Sunday, December 4, 2016

Rosalie's Suggestions

Salt to the Sea
by Ruta Sepetys 
378 pages

A group of teenage refugees meet on the road in the chaotic countryside of East Prussia in winter 1945. The Nazi Reich is collapsing all around them, and they, like hundreds of thousands, are fleeing the wrathful Soviet advance. They are trapped between their German conquerors and their terrifying Russian “liberators.” Their story is told through the voices of Joana, a pretty Lithuanian nurse; Florian, a Prussian with a mysterious letter of passage from a high-ranking Nazi officer; and Emilia, an idealistic but damaged Polish girl in a pink knit cap. Thrown together, struggling to survive, they at first hardly trust one another enough even to exchange names, and so they often just use epithets: “the knight,” “the nurse,” “the Polish girl,” “the wandering boy,” “the shoe poet.” (The last, an old cobbler, gets his name from his philosophy: “The shoes always tell the story.”) Each has secrets — the histories that haunt anyone who has lived through war, flight and deprivation.  (Same author as Between Shades of Gray.)

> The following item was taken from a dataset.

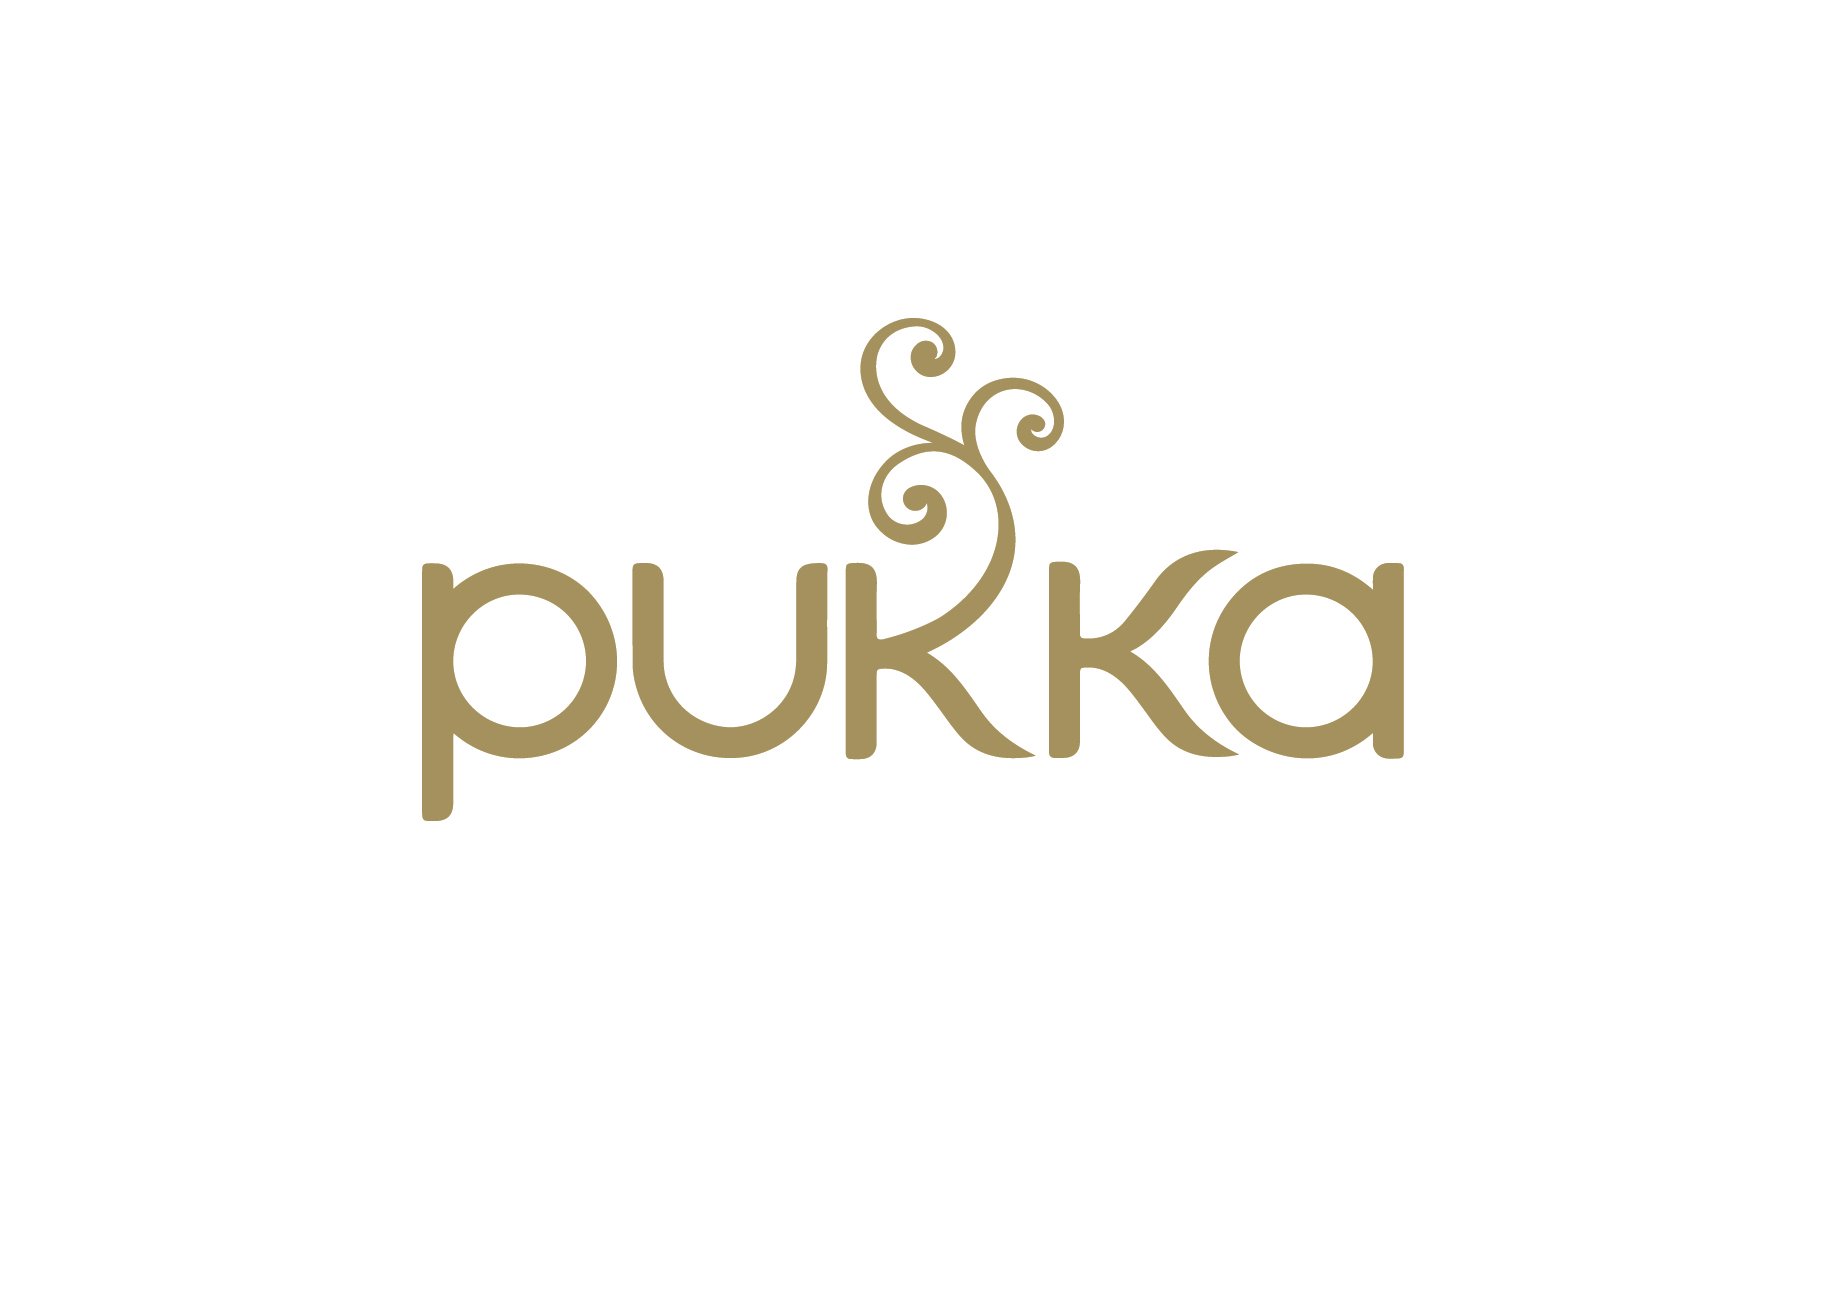 17675_Pukka Logos - CMYK_Gold.jpg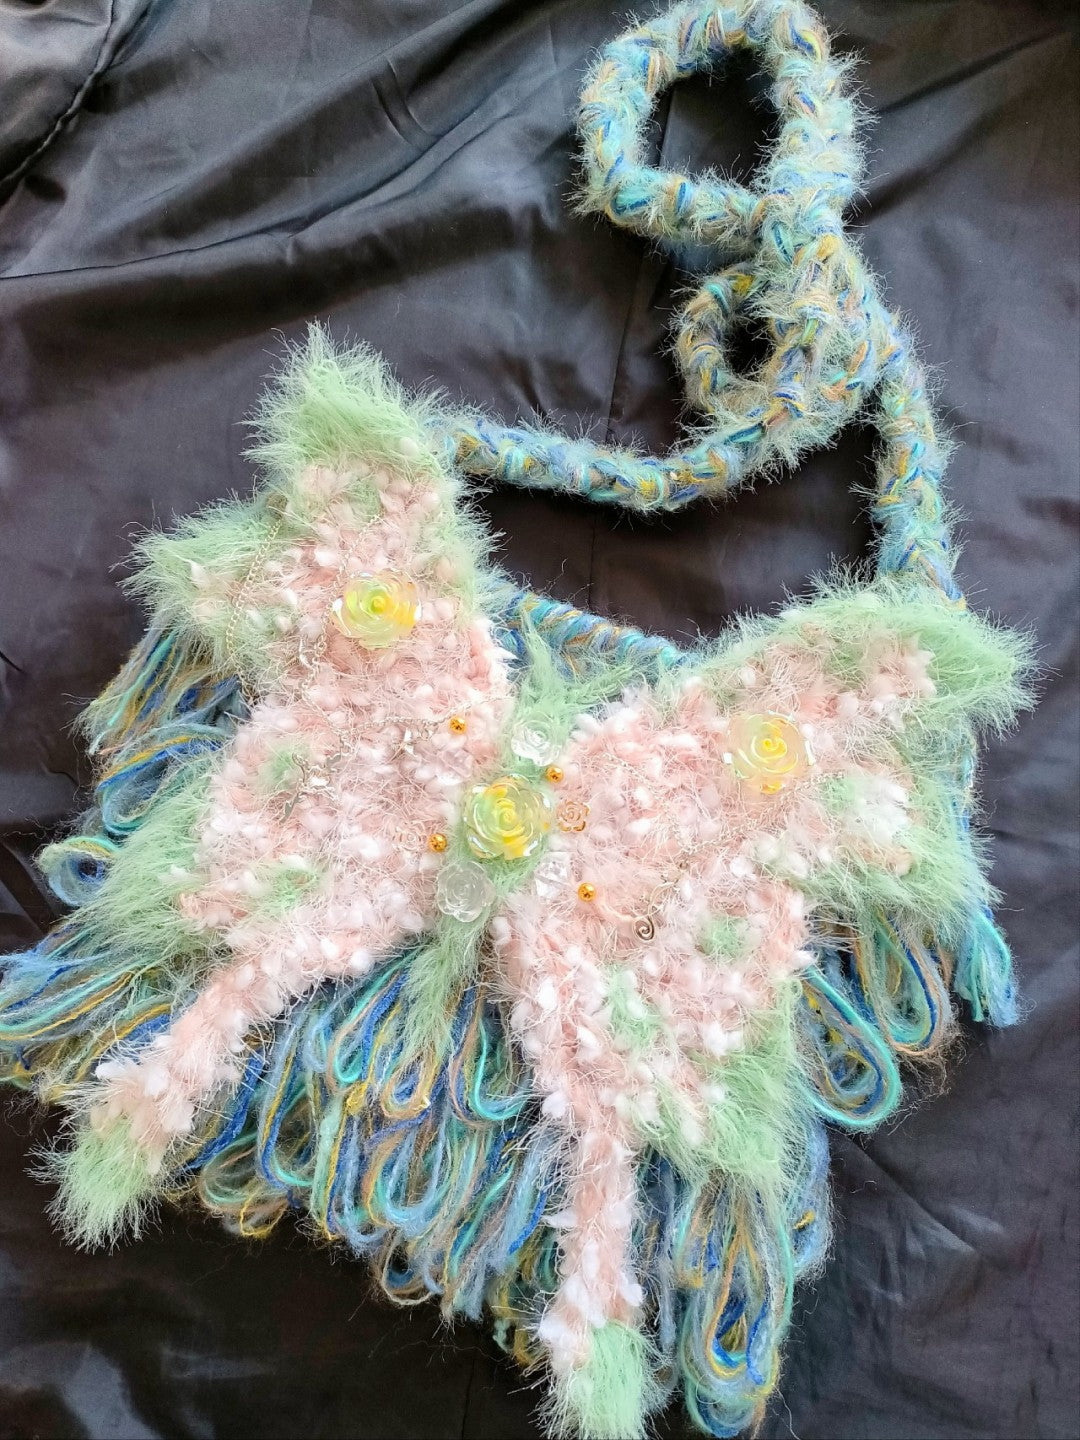 Fantasy Butterfly Crochet Crossbody Bag

Hidden Figures: the American Dream and the Untold Story of the Black Women Mathmaticians Who Helped Win the Space Race
by Margot Lee Shetterley
346 pages
Paperback - Non-Fiction

Moving from World War II through NASA’s golden age, touching on the civil rights era, the Space Race, the Cold War, and the women’s rights movement, Hidden Figures interweaves a rich history of scientific achievement with the intimate stories of five women whose work forever changed the world—and whose lives show how out of one of America’s most painful histories came one of its proudes as “Human Computers,” calculating the flight paths that would enable these historic achievements.  Among these problem-solvers were a group of exceptionally talented African American women, some of the brightest minds of their generation. Originally relegated to teaching math in the South's segregated public schools, they were called into service during the labor shortages of World War II.  Suddenly, these overlooked math whizzes had a shot at jobs worthy of their skills, and they answered Uncle Sam's call, moving to Hampton Virginia and the world of the Langley Memorial Aeronautical Laboratory.  Even as Virginia's Jim Crow laws required them to be segregated from their white counterparts,  these “colored computers,” as they were known, used slide rules, adding machines, and pencil and paper to support America’s fledgling aeronautics industry, and helped write the equations that would launch rockets and astronauts, into space.

The Daughter of Time 
by Josephine Tey
206 pages
paperback - mystery

The novel's title is taken from an old proverb "Truth is the daughter of time." Alan Grant, Scotland Yard Inspector is feeling bored while confined to bed in hospital with a broken leg. A friend suggests that he should amuse himself by researching a historical mystery. She brings him some pictures of historical characters, aware of Grant's interest in human faces. He becomes intrigued by a portrait of King Richard III. He prides himself on being able to read a person's character from his appearance, and King Richard seems to him a gentle and kind and wise man. Why is everyone so sure that he had his two young nephews killed so he could ascend to the throne?

With the help of a young American researcher working in the British Museum, Grant uses his detective logic to investigates Richard's life and the case of the Princes in the Tower.  Did Richard really do it?  If so, why and how?  If not, who did?